-- Opening Marker --

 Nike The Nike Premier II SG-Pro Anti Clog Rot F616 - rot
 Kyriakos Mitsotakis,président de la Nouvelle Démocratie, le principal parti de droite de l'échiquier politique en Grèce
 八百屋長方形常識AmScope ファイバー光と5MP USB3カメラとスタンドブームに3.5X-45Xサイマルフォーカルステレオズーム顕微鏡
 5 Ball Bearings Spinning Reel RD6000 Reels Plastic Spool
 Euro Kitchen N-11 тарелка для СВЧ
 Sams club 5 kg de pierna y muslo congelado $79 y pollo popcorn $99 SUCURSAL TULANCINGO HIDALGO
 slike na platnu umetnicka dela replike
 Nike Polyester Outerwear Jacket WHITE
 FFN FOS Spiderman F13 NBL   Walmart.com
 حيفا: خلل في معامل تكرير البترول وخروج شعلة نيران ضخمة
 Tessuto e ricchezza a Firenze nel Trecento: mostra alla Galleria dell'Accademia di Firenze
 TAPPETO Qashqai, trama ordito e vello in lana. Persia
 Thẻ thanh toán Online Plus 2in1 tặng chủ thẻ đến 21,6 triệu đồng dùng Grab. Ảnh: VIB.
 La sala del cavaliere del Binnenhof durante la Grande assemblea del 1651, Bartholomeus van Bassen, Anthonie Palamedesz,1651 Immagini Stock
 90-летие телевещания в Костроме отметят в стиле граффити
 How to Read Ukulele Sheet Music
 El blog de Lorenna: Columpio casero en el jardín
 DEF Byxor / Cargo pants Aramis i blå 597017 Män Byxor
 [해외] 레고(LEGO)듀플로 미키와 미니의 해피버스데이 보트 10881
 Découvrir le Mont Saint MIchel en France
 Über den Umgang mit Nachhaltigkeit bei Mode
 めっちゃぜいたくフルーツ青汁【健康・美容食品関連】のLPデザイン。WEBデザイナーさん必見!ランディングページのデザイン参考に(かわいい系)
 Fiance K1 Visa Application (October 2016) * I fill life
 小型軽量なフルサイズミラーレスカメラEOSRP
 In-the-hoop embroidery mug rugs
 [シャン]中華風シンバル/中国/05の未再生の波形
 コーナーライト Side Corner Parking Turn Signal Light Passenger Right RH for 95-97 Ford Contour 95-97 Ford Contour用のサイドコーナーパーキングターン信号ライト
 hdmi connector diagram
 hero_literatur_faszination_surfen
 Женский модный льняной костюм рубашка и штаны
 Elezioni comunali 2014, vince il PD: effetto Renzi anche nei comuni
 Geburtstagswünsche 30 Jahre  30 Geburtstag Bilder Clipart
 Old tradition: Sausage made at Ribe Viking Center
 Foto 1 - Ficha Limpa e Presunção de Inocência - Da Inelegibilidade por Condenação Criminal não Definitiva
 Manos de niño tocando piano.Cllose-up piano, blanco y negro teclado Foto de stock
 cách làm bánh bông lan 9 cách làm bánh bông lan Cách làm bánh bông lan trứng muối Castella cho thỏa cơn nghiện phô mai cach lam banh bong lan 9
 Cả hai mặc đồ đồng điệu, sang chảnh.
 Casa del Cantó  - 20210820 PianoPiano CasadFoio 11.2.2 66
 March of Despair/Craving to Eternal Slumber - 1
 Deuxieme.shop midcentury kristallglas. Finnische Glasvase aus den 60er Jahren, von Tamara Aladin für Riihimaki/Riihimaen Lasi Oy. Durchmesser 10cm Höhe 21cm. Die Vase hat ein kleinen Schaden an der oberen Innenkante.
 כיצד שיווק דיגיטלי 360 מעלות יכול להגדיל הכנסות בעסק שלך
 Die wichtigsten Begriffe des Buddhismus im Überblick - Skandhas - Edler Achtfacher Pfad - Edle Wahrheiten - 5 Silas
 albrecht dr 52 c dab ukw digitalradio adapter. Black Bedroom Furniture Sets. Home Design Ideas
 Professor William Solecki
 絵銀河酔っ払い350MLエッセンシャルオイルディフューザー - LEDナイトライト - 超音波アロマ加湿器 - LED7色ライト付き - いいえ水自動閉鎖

-- Closing Marker --

Your answer must be a single number: how many lines of the entries above contain the string "Nike".

_Written solution_: 2